Equifax, Experian, and TransUnion announced they will soon remove tax lien and civil judgment data from some consumer credit records. The reason for this change is that many liens and most judgments fail to include vital pieces of information. Beginning on July 1, the public records data the firms use must include these data points: the consumer’s name, address, and either a social security number or a date of birth. Existing reports that fail to comply will be struck from the consumer’s credit record and new data that does not have that information will not be added.
Credit scores are weighed carefully by lenders in making decisions about loan terms and how much consumers can borrow, and can be very important in securing a sustainable mortgage. FICO estimates the changes will cause an improvement to about 12 million consumer scores; however the boost will be modest, likely less than 20 points.

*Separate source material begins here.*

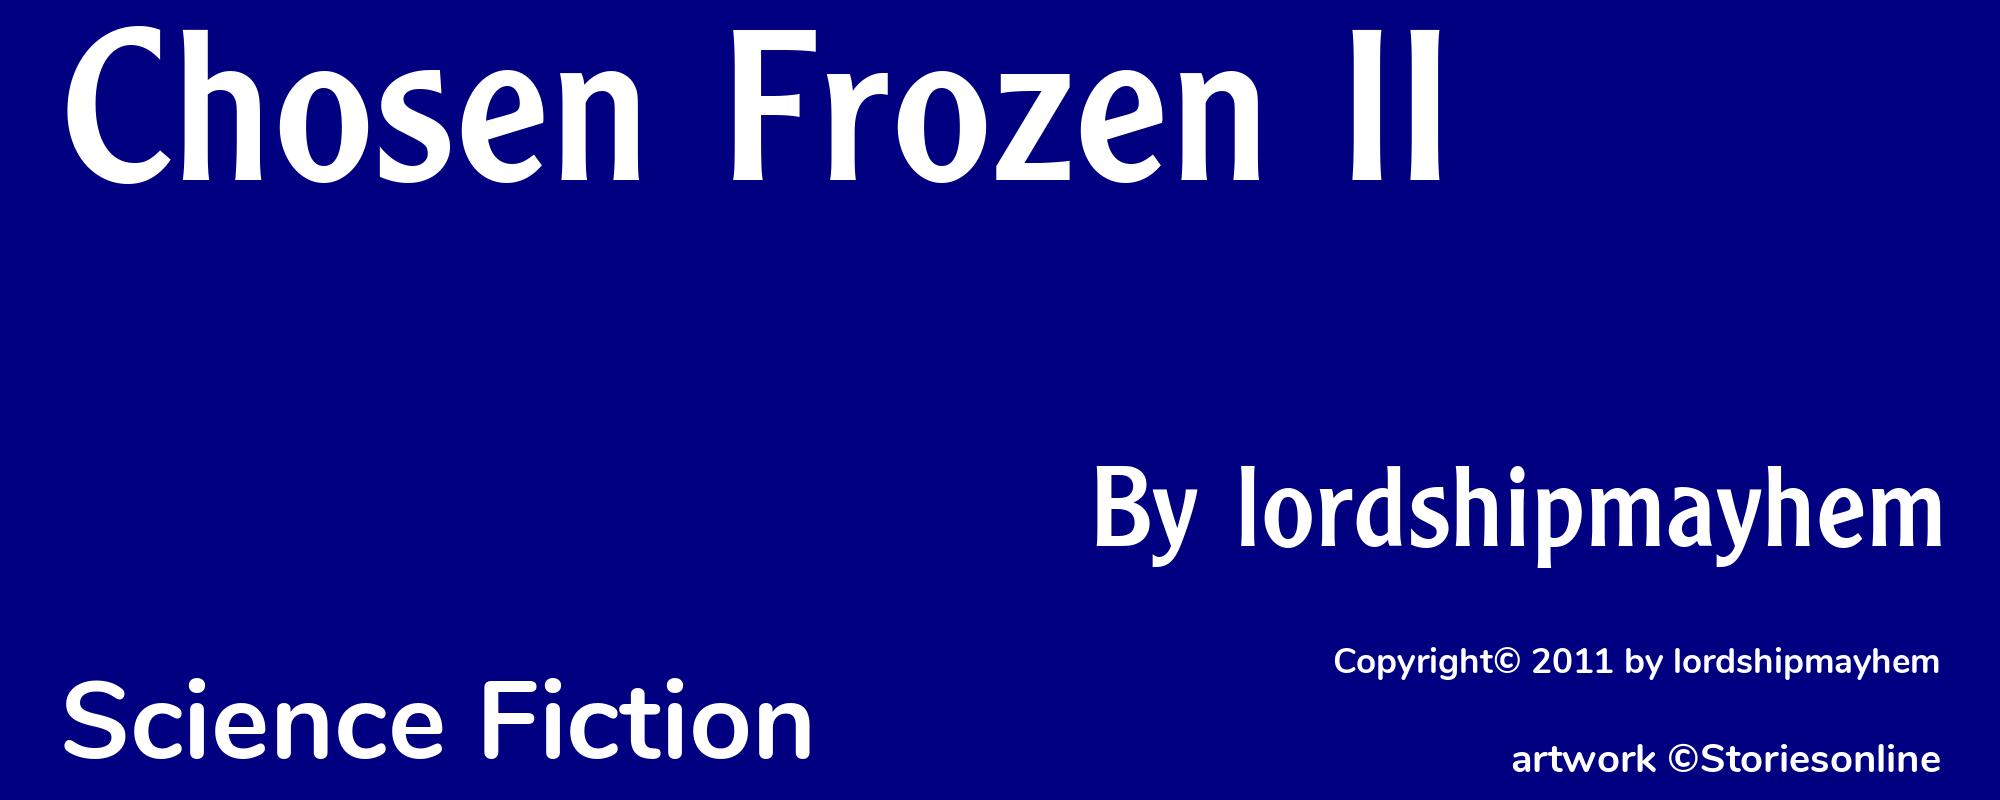 Chosen Frozen II - Cover

In recent months, several lawsuits brought by states have been pushing credit reporting companies to remove some categories of negative data from credit score reports, such as information related to library fines or gym memberships. But some experts fear removing negative public record information could pose a greater risk to lenders who are trying to predict borrowers’ creditworthiness. For example, LexisNexis Risk Solutions, a company that provides such information to credit bureaus and lenders, says consumers with liens or judgments are twice as likely as others to default on loan payments.
“It’s going to make someone who has poor credit look better than they should,” asserts credit specialist John Ulzheimer, a former manager at Experian. “Just because the lien or judgment information has been removed and someone’s score has improved doesn’t mean they’ll magically become a better credit risk.”